In a supply-and-demand equilibrium, then, the rent per acre of good land will be RA. For fair land it will be RB, and for bad land zero.

Thus, the rent on fair land is just enough to offset its greater productivity relative to the marginal land. Similarly, the rent on good land is just enough to offset its productivity advantage over marginal land.The difference in rent between the good and fair land is just enough to offset the productivity differential between them. This is called the "differential" theory of rent – that the rent of any land is just large enough to offset its differential productivity relative to marginal land. To stress the basis of land rent, it is often called differential rent.

Capital market

As we increase the number of machines in use, with the same amount of land and labor, output will increase, but at a decreasing rate. Capital is subject to diminishing returns. Once again, we will focus on the "marginal productivity" of the machines. On the other hand, the costs of using the machinery will also increase as the number of machines increases. We assume that the firm uses a given quantity of labor and land and that the quantity of capital used varies. The quantity of capital used (measured in dollars' worth) is marked off on the horizontal axis. On the vertical axis is the rate of interest, which we understand as the price of capital.

The horizontal red line is the supply curve of capital to the firm, green-demand for capital, that is, the marginal productivity of capital (net of the cost of wear and tear of specific capital goods) times the price of the output – the value of the marginal product of capital. The profit-maximizing demand for capital for the firm is shown by K. That is, it will be profitable to expand the capital stock of the company until diminishing returns reduces the value of the marginal product to r, the market rate of interest, at K.



 


65. Labor market: labor demand and supply of labor.

The labour market is an example of a factor market

Supply of labour – those people seeking employment (employees)

Demand for labour – from employers

· A ‘Derived Demand’ – not wanted for its own sake but for what it can contribute to production

· Demand for labour related to productivity of labour and the level of demand for the product

· Elasticity of demand for labour related to the elasticity of demand for the product

The Supply of Labour

The amount of people offering their labour at different wage rates.

· Involves an opportunity cost – work v. leisure

· Wage rate must be sufficient to overcome the opportunity costof leisure

 

The supply and demand for labor is much like the supply and demand for any other service. Consistent with the law of supply and demand (as price rises, quantity demanded falls and quantity supplied rises), the demand curve has a negative slope and the supply curve has a positive slope.

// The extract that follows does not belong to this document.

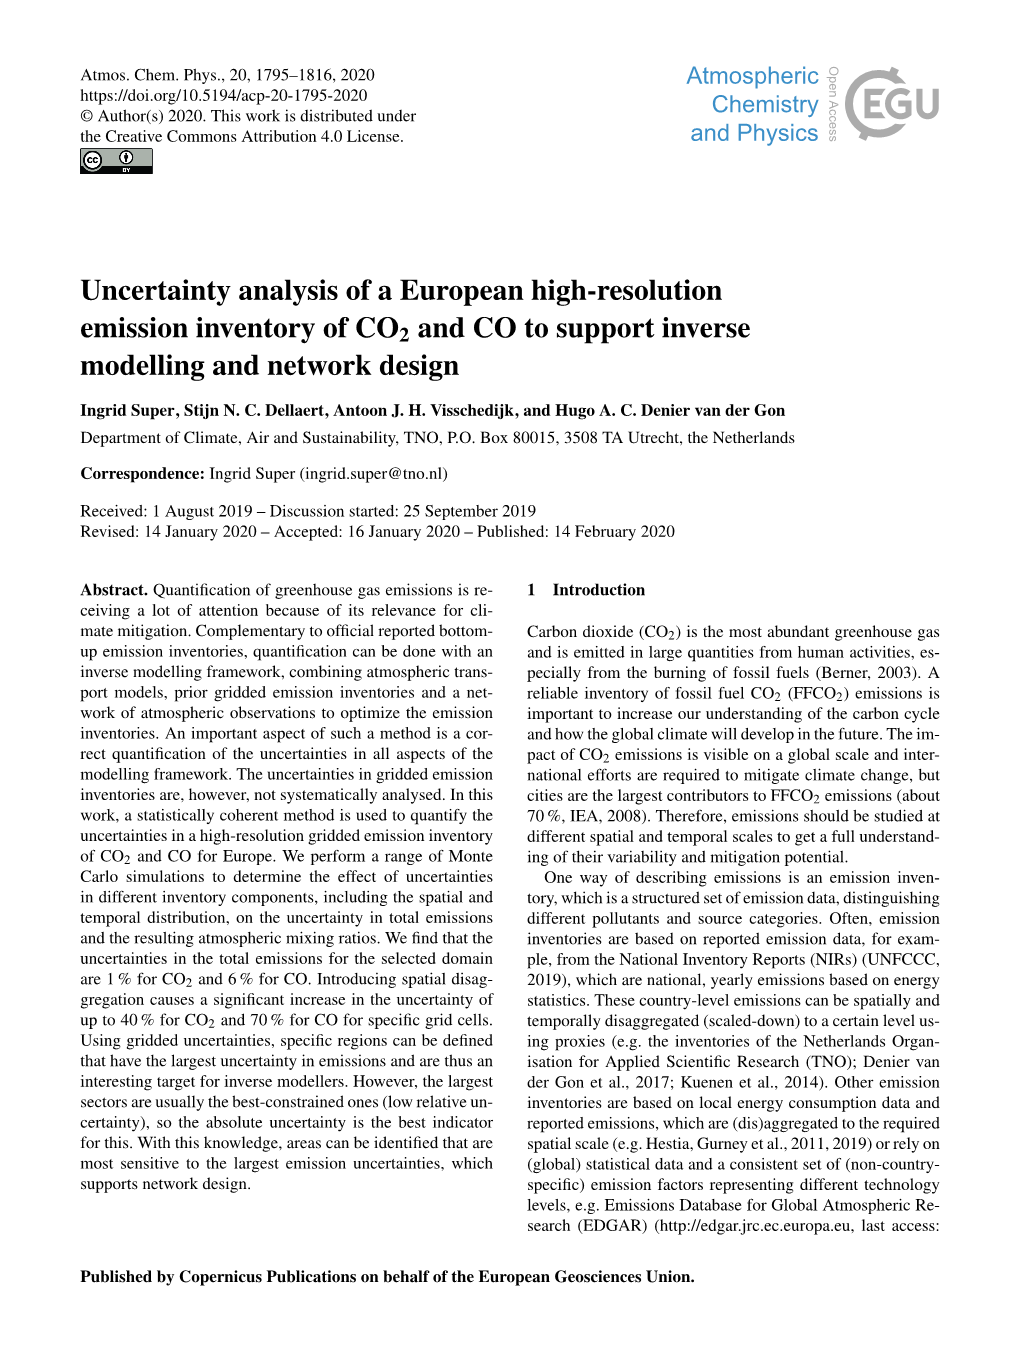 Uncertainty Analysis of a European High-Resolution Emission Inventory of CO2 and CO to Support Inverse Modelling and Network Design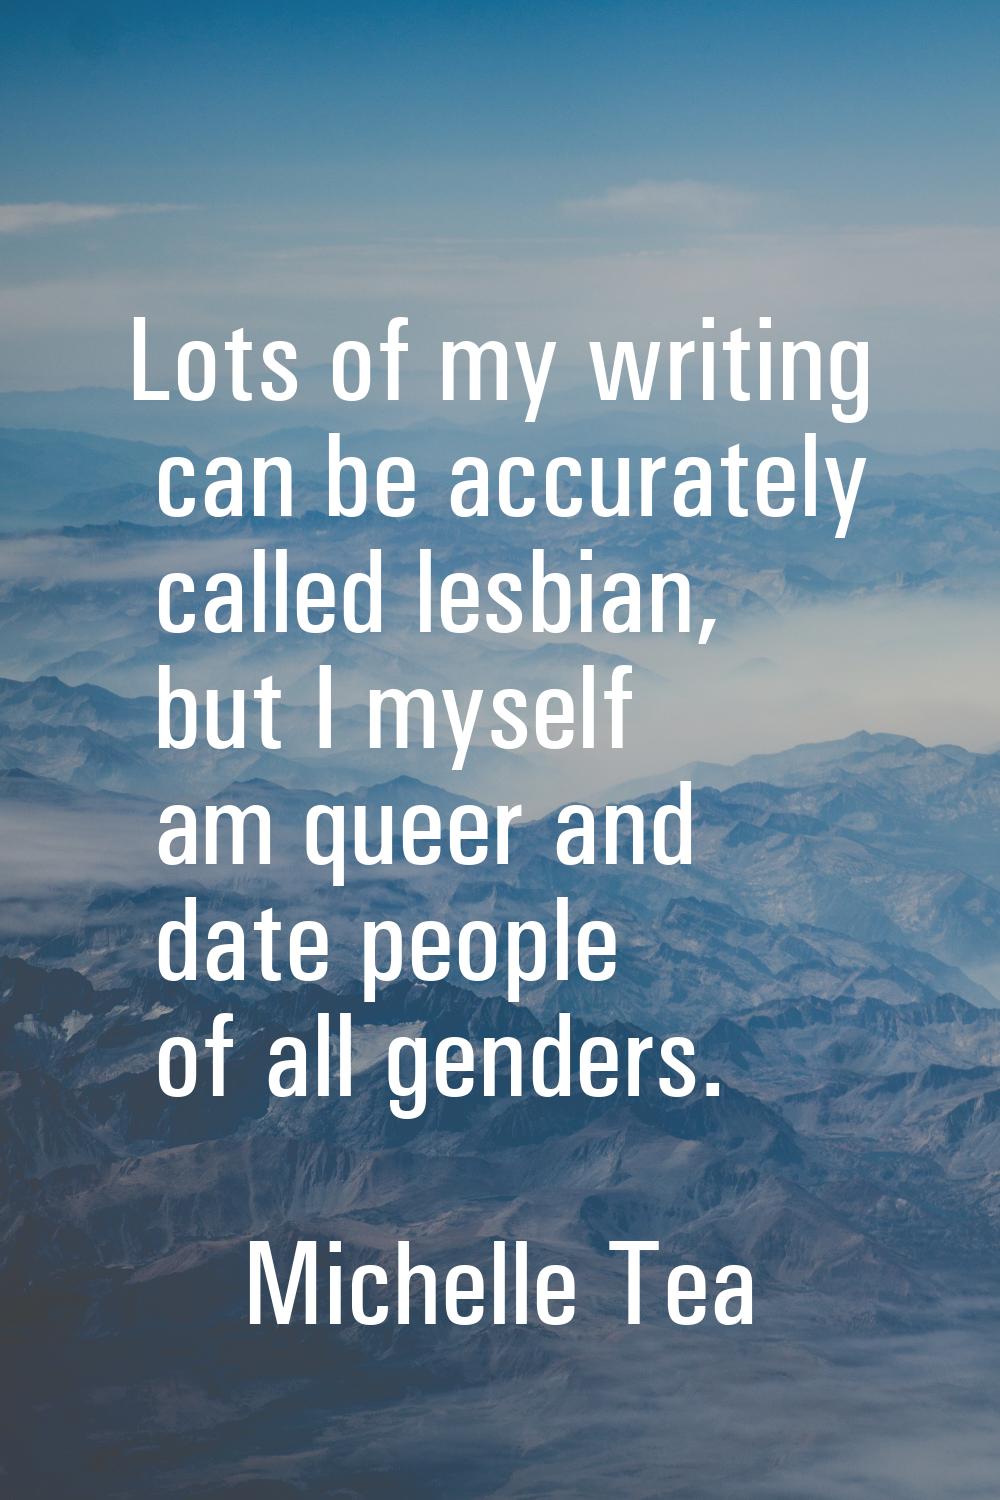 Lots of my writing can be accurately called lesbian, but I myself am queer and date people of all g

The supply of labor, like the supply for other services, merely indicates how much labor workers are willing to offer at various prices. The supply curve for each worker will be different as each worker has different opportunity costs and preferences.

The demand for labor indicates how much labor a firm desires at different prices. The demand curve for each firm will differ as each firm faces different labor substitutes (differing rates of potential capital substitution, for instance), preferences, demand curves for the products they produce, and alternative employments for their resources.

Wage rates are simply the price of labor and as such, are determined like all other prices on the market. The intersection of the supply and demand curves for labor indicates the equilibrium, or market clearing, wage rate for certain types of labor. (In a free economy, unhampered by government regulation, wage rates for the same type of labor tend to equalize across markets).